This post is a repost of technical blog originally published by Denys Haryachyy, shared here with permission as part of ongoing research and engineering work around FastNetMon’s inline traffic processing capabilities.
The article examines the underlying performance mechanics needed to run DPDK-based packet processing at 100GbE without packet loss, and how subtle operating system and interrupt behaviour can directly impact stability under extreme load. It is closely related to our R&D project, code-named FastACL, which builds on these same principles at the system level to deliver a VPP-based inline DDoS filtering engine.
Learning DPDK: Eliminating NIC Receive Drops at 100GbE
TL;DR — everything that matters, in one paragraph.
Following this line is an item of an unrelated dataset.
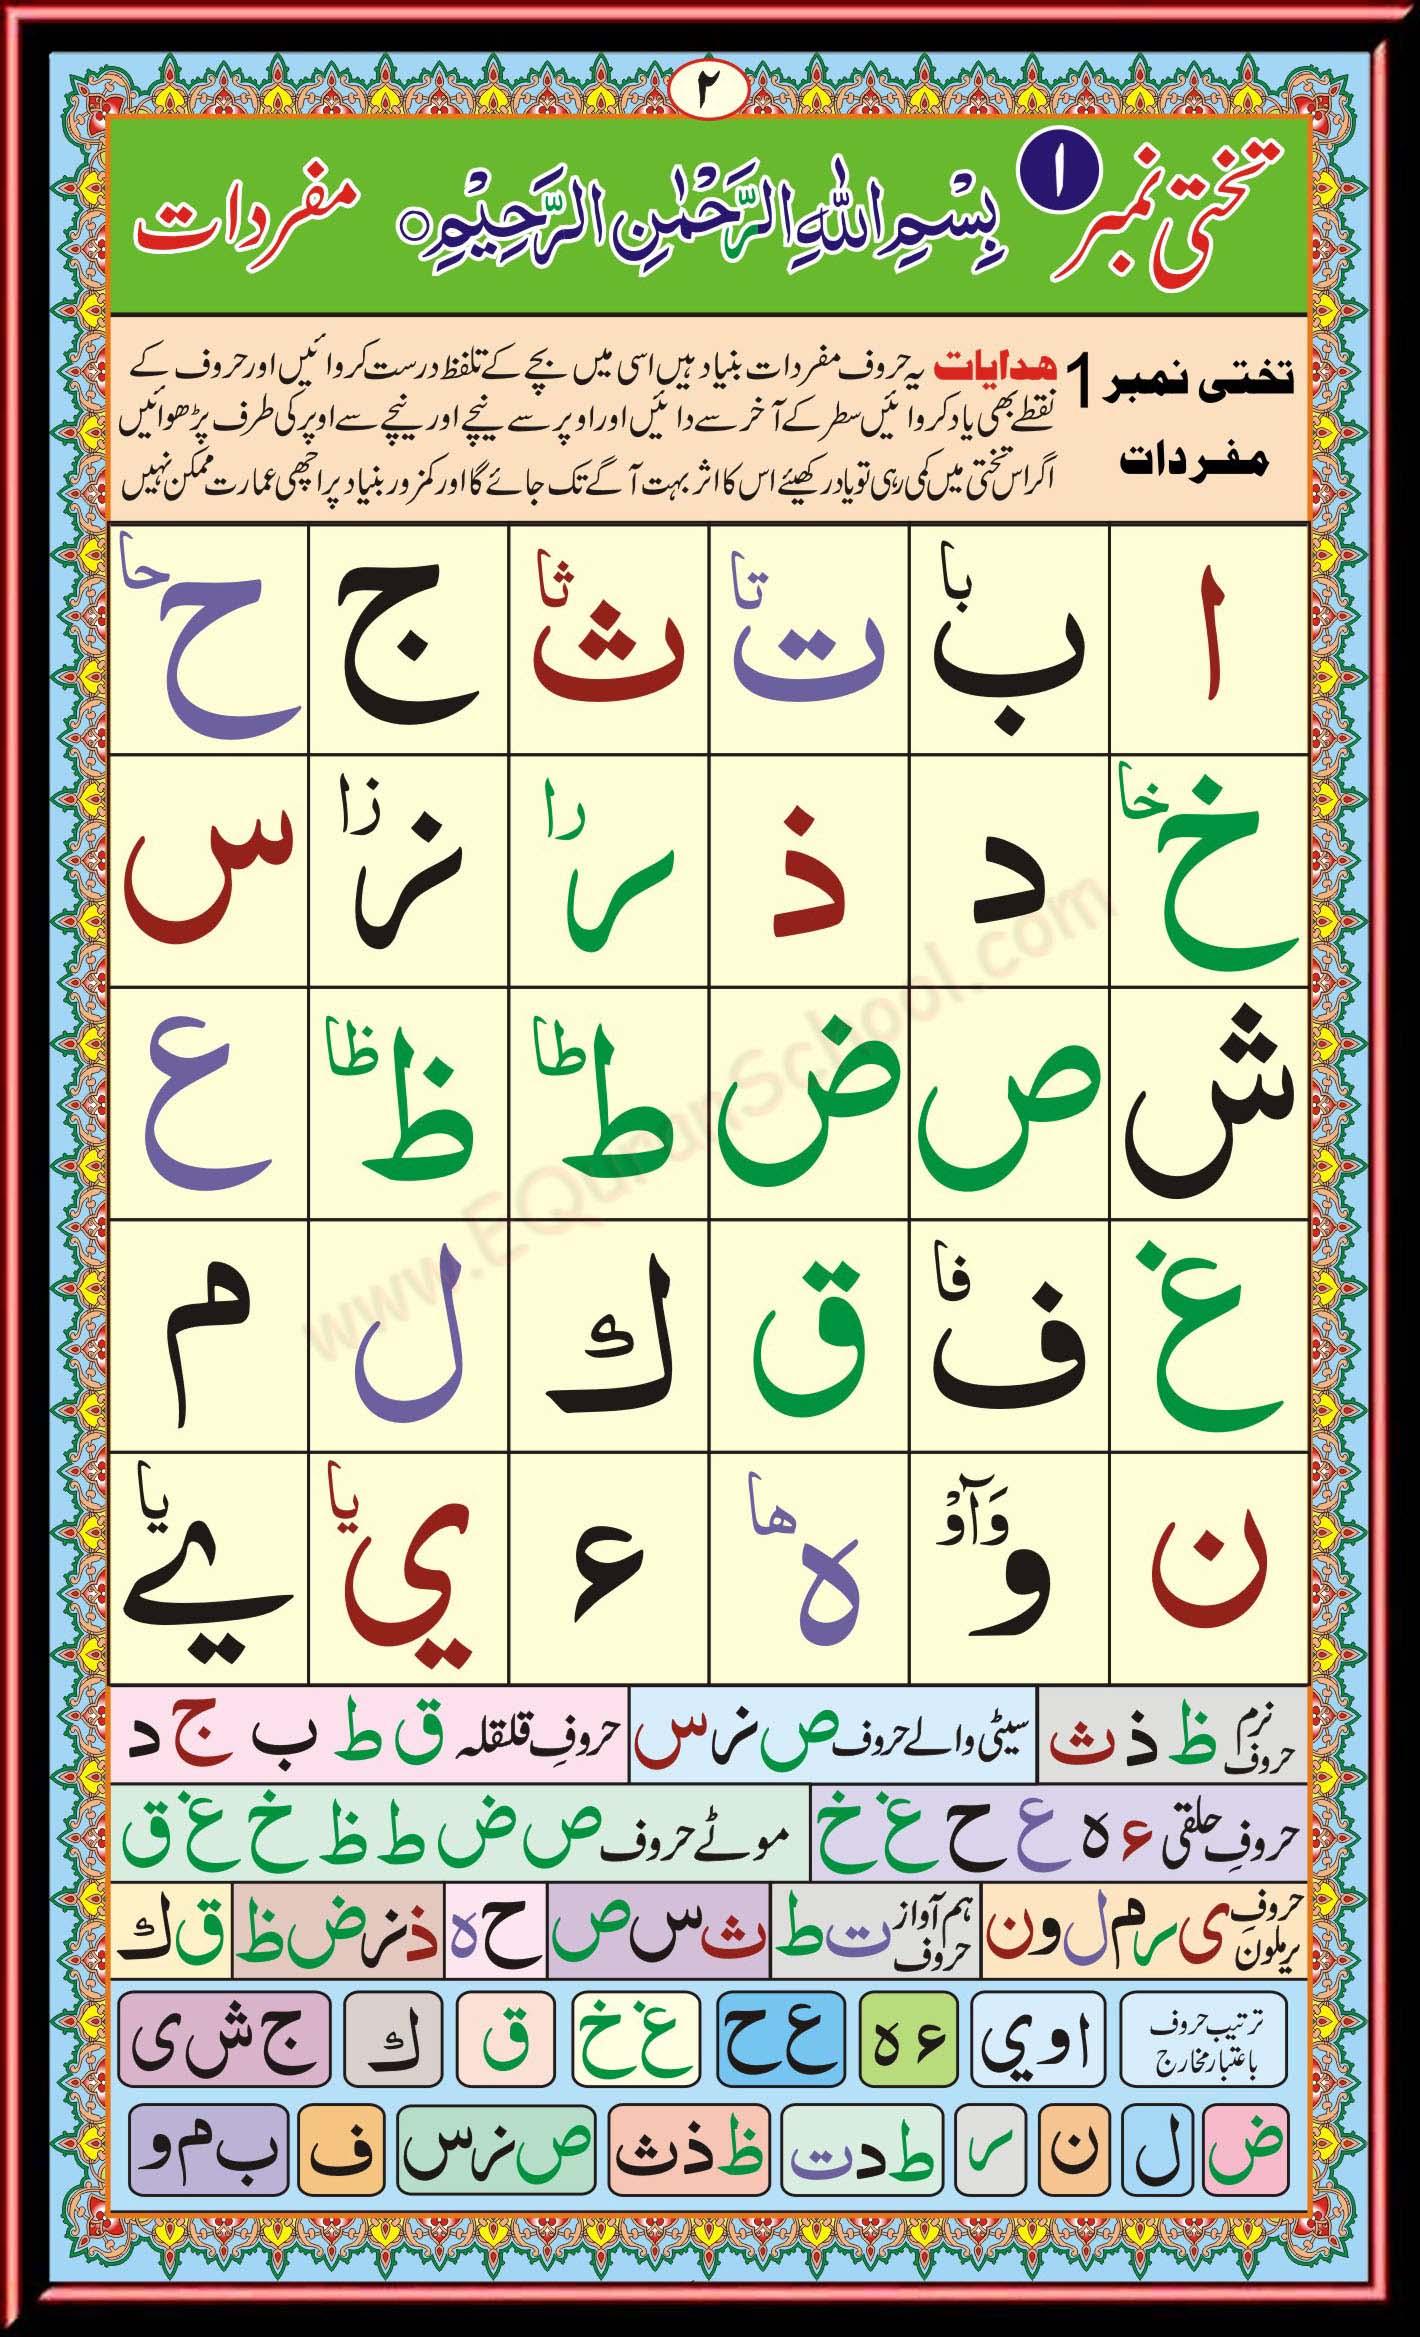 Alif Ba Ta Sa : Noorani, Qaida, Lesson, Basic, Arabic, Alphabets,, Huroof, Mufridaat, Individual, Letters,, Makharij, English,, Tutorial

A DPDK poll-mode application can lose packets at 100GbE even when the CPU has spare cycles — because a hardware IRQ landing on a busy-poll worker core stalls it for a few microseconds, and at 100+ Mpps that’s enough to overflow the NIC’s RX descriptor ring before the worker can drain it. The fix is isolation, not more CPU. Pinning the NIC’s completion IRQs off the worker cores (onto a housekeeping core) cut the receive-miss rate from 1 in 2,275 packets to 1 in 16,000,000 — about a 7,000× reduction. To take the residual to essentially zero, isolate the worker cores from the kernel entirely with boot parameters:
isolcpus,nohz_full,rcu_nocbs,irqaffinity=0, andprocessor.max_cstate=1. None of this costs throughput — it just stops anything from interrupting the cores that poll the NIC.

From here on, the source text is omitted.